Она подробно расспрашивала меня, жадно вбирая своим отзывчивым существом все мое прошлое, чтобы еще лучше понять меня.

Никто не умел так слушать. Я видел, как на ее лице отражалась моя жизнь.

– Жаль, что я не была тогда с тобой.

– Зато мы сейчас вместе.

Что такое счастье? Вероятно, во всей солнечной системе не найдется даже двух людей, которые ответят на этот вопрос одними и теми же словами. Я был счастлив, открывая в Кате какую-нибудь новую, вчера еще не известную черту характера. Ее доброта была щедрой, как земные леса, наполненные кислородом. Возле нее дышалось, как в пихтовом лесу на берегу лесной реки.

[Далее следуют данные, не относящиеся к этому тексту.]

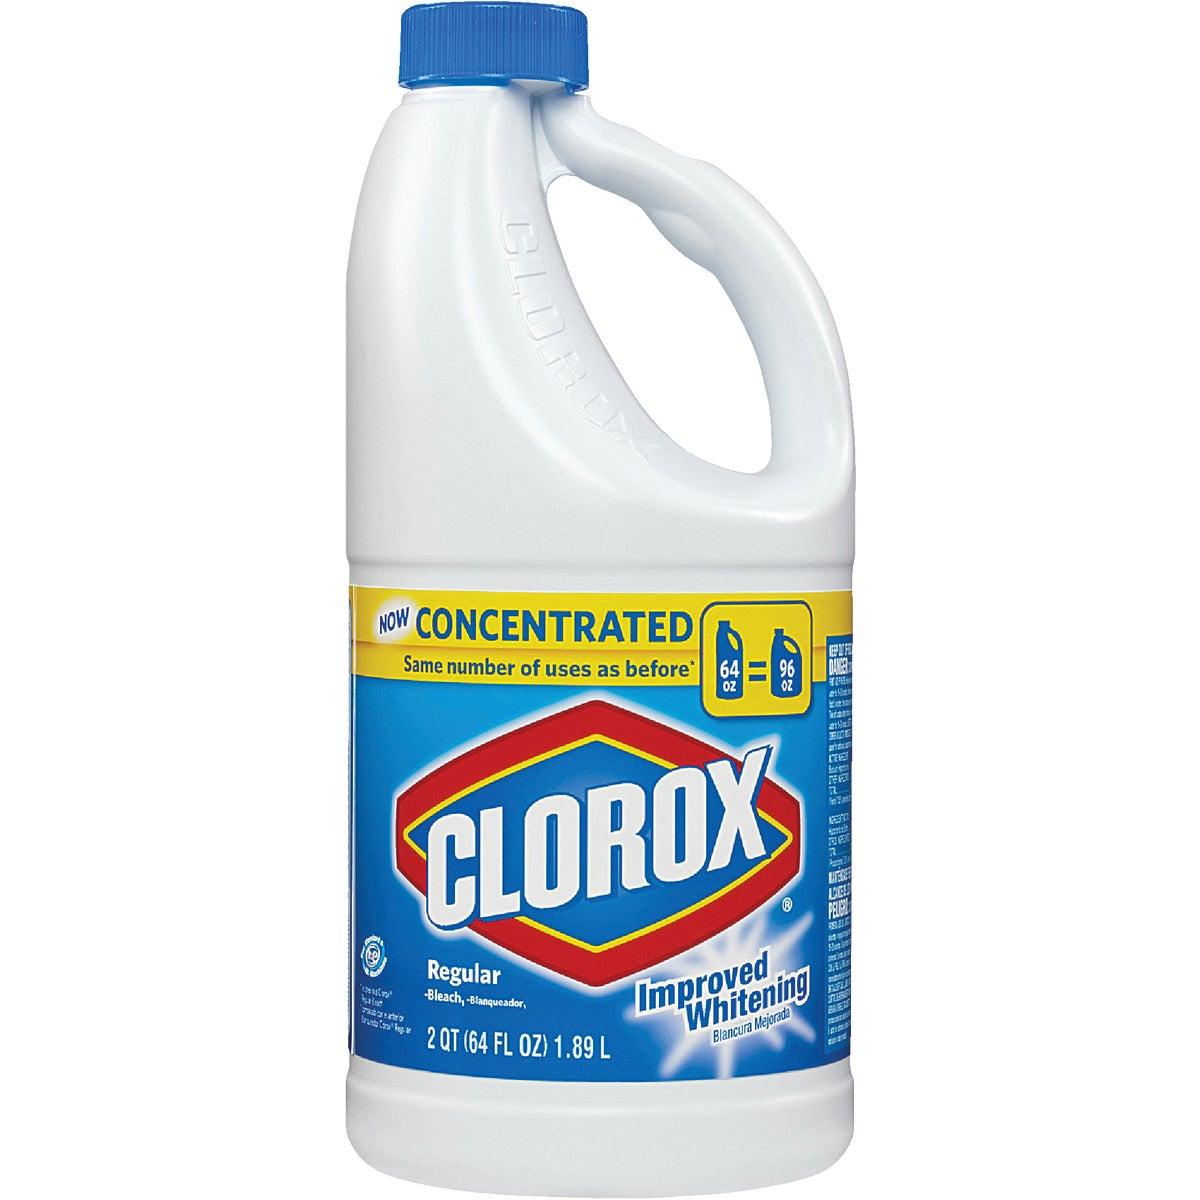 64OZ REG CNCNTRTD BLEACH - 30769 by Clorox/home Cleaning

Приходя с работы, она редко задерживалась дома. Мы шли с ней туда, где сильнее всего чувствовались свежесть и молодость окружающего нас мира: иногда это была танцевальная площадка, чаще детский сад (Катя очень любила детей) или дискуссионный клуб, где юноши и пожилые люди спорили о величии бытия и человеческой личности, состязались в силе логики, проектировали будущее.

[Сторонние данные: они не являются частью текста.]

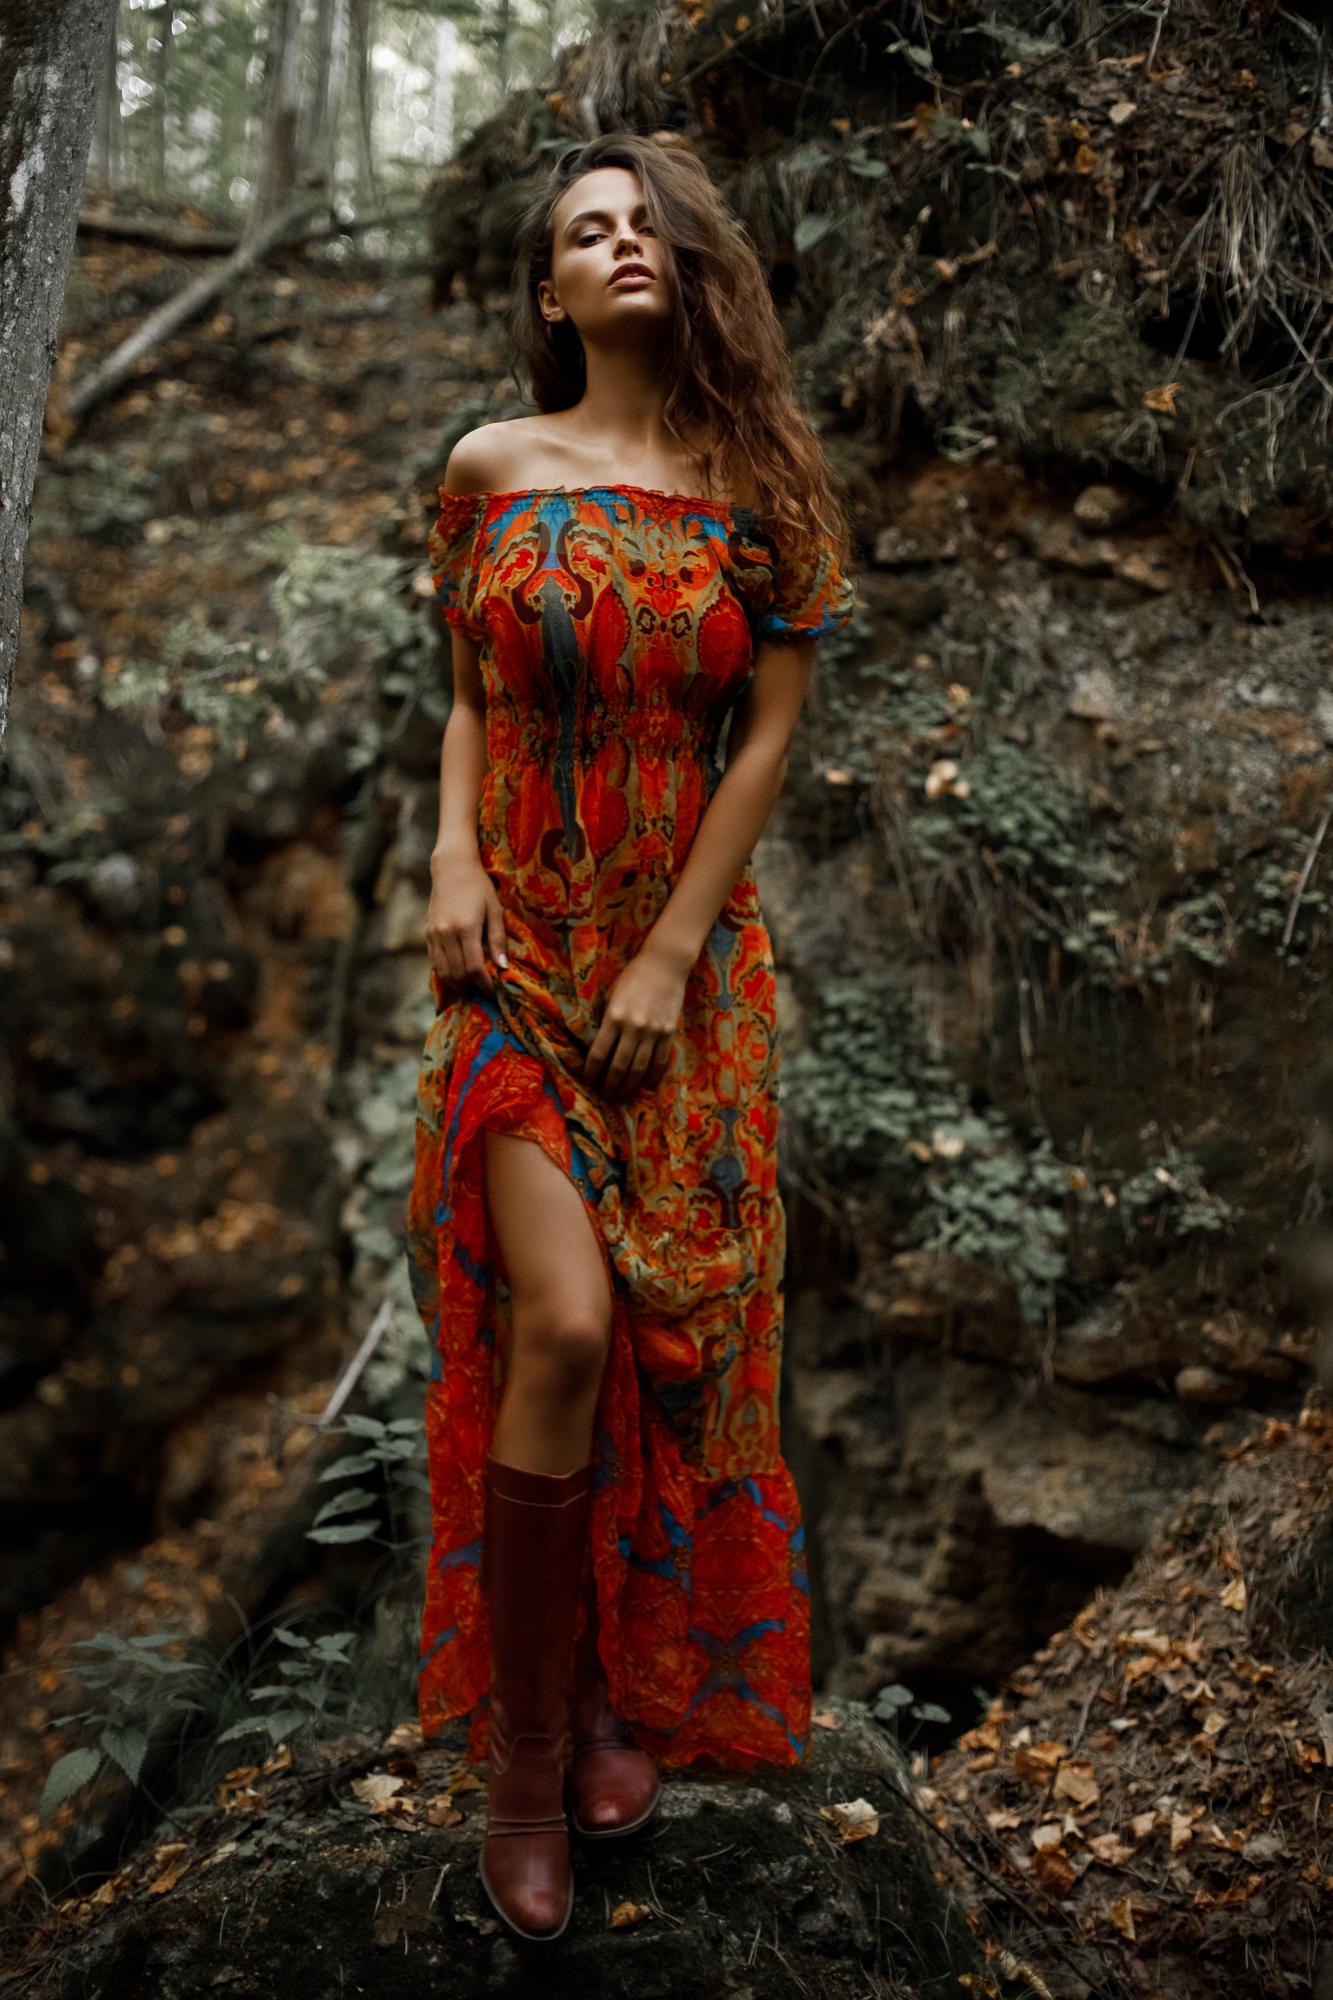 People 1333x2000 Alexander Sasin Lilia model women brunette women outdoors long skirt long hair bare shoulders strapless dress red dress portrait display

– Ты не хочешь выступить? – спрашивал я Катю.

– Для чего? Я лучше послушаю, что говорят другие. Посмотри на этого студента. Он говорит так уверенно, ни в чем не сомневаясь. Слушая его, можно подумать, что скоро в мире все превратятся в мудрецов и совсем не останется обыкновенных людей. – Она показала взглядом на молодого и слишком запальчивого оратора, яростно нападавшего на все простое и обычное. – Не кажется ли тебе, Володя, что он слишком плохо знает жизнь?

– Какую? Прошлую, настоящую или будущую?

– Любую. Я считаю, что обыкновенный добрый, умный человек мудрее бессердечного мудреца. Он ведь мудр не только умом, но и сердцем.

– Мудрец не может быть бессердечным.

– Я тоже так думаю. Но я не понимаю, почему этот оратор так яростно нападает на все обыкновенное. Ему нужно только исключительное. Но жизнь не может состоять из одних исключений.

– А ты выступи и скажи ему.

– Пусть лучше ему это скажет его собственный опыт. Ведь погоня за исключительным, презрение к обыкновенному отчасти связаны с недостатком жизненного опыта.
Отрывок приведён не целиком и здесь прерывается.